Ses grands films, Todd Haynes les a réalisés dans le genre mélodramatique (Loin du Paradis en 2002 ou Carol, son chef d’œuvre, en 2015). On ne l’attendait pas, à priori, dans un registre très différent, celui du film-dossier, mais, sans atteindre des sommets, il s’en tire avec un indéniable savoir-faire. Certes, comme dans la plupart des films de ce type, on peut déplorer quelques longueurs et quelques redondances, mais on reste suffisamment captivé et l’on se sent suffisamment interpellé pour ne jamais risquer de perdre le fil de l’histoire.
Il faut dire que ce film met en évidence un scandale planétaire car, sans possiblement en être conscients, nous sommes tous contaminés, empoisonnés à plus ou moins haute dose par un produit qui sert, entre autres, à fabriquer le téflon. Or qui ne s’est jamais servi d’une poêle composée, au moins en partie, de cette matière ? Une matière hautement toxique fabriquée à grande échelle par les industries DuPont qui, tout en étant averti de la nocivité de leur produit, n’en continuent pas moins de le mettre sur le marché.
Cette infamie méritait bien un film, d’ailleurs basé sur des faits réels se déroulant du côté de Pakersburg en Virginie-Occidentale, une région que Todd Haynes montre comme figée dans de pâles couleurs d’hiver.
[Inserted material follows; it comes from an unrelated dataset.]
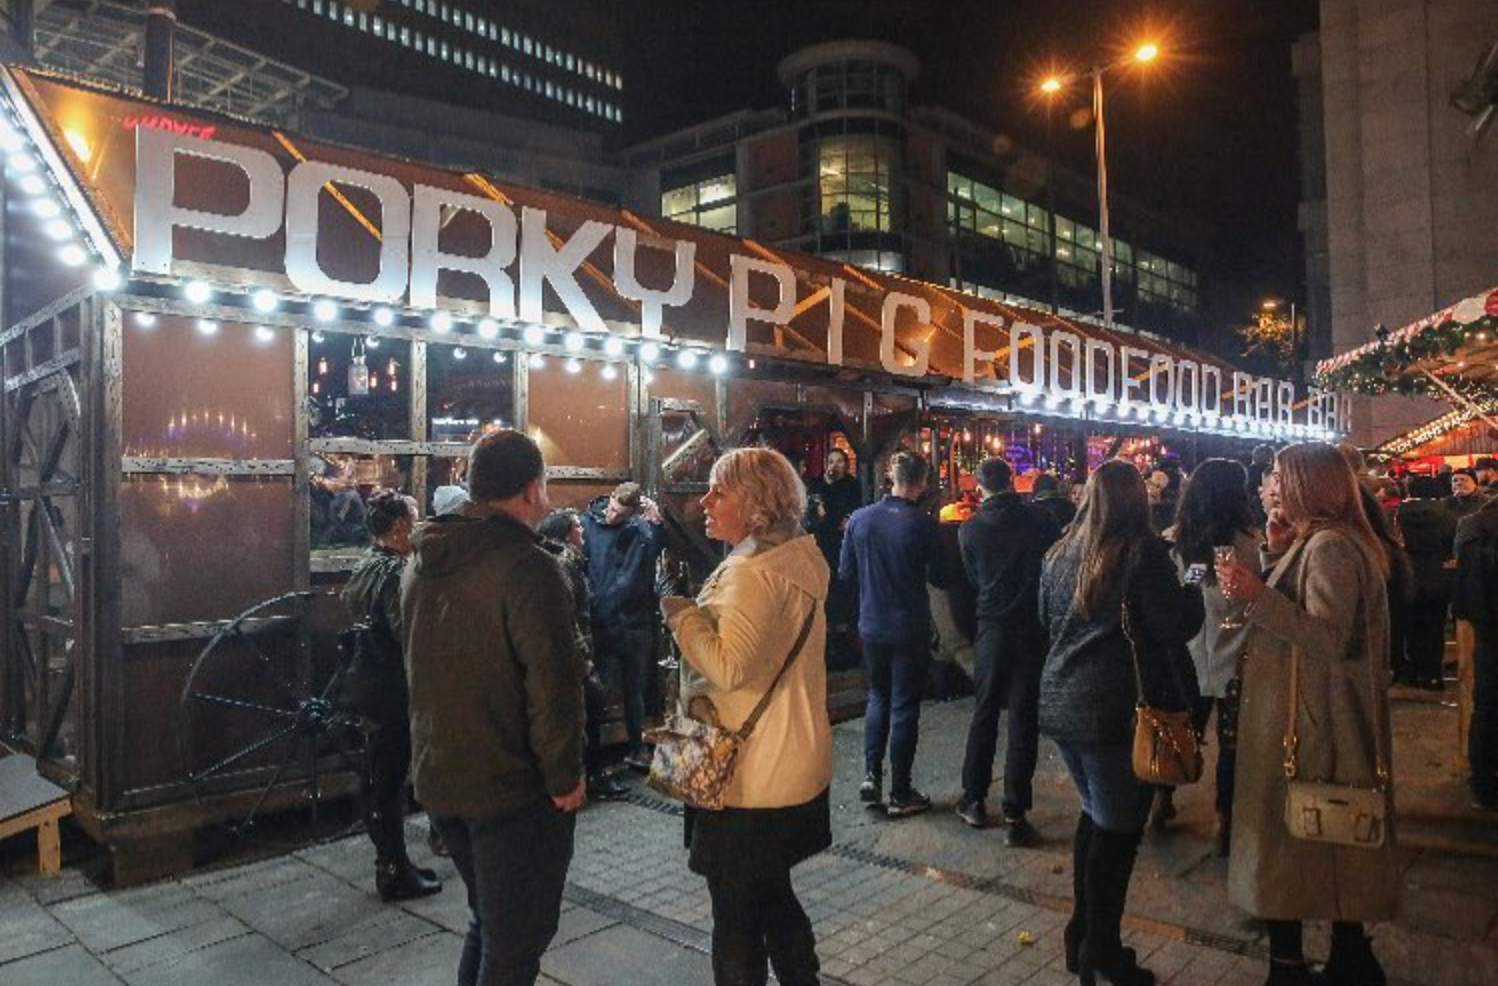 Porky Pig has permanently closed its Manchester city centre cafe, The Manc

Là se trouve un fermier qui assiste, impuissant, à l’hécatombe de toutes ses vaches. L’une après l’autre, elles deviennent comme folles, au point qu’il est obligé de les abattre. Il en a perdu 190. Or sa ferme se trouve non loin des usines DuPont et à proximité d’une décharge où les industriels enfouissent des déchets toxiques. Toute la région de Pakersburg en est affectée, l’eau des robinets étant elle-même contaminée.
Par un concours de circonstances, le fermier en question, débouté par tous les avocats de sa région, tant ils craignent de s’en prendre à un géant de l’industrie, adresse sa requête à Robert Bilott (Mark Ruffalo), pourtant très mal placé, puisqu’il fait partie d’un cabinet d’avocats spécialisé dans la défense des industries chimiques. C’est pourtant cet homme, dont le rôle a été confié par le réalisateur à l’acteur idéal, qui se laisse toucher par la détresse du fermier au point de se résoudre à le défendre.
Il s’engage alors dans une procédure au long cours, parsemée de divers rebondissements, une procédure harassante, qui n’est pas sans conséquences ni sur sa santé ni sur l’harmonie de sa vie de famille. Il faut être doté d’une volonté de fer, d’un acharnement peu ordinaire, pour tenir bon pendant des années, persévérer, envers et contre tout, à mener la lutte du frêle David contre le géant Goliath. Il faut le voir, cet avocat, épluchant des masses de dossiers remplissant des dizaines de cartons, comme un insecte s’attaquant à une montagne ! Ne serait-ce qu’à cause du portrait de cet homme allant jusqu’au bout de sa quête de vérité et de justice et mettant à jour tout un système économique et politique corrompu, ce film mérite sans nul doute qu’on fasse son éloge.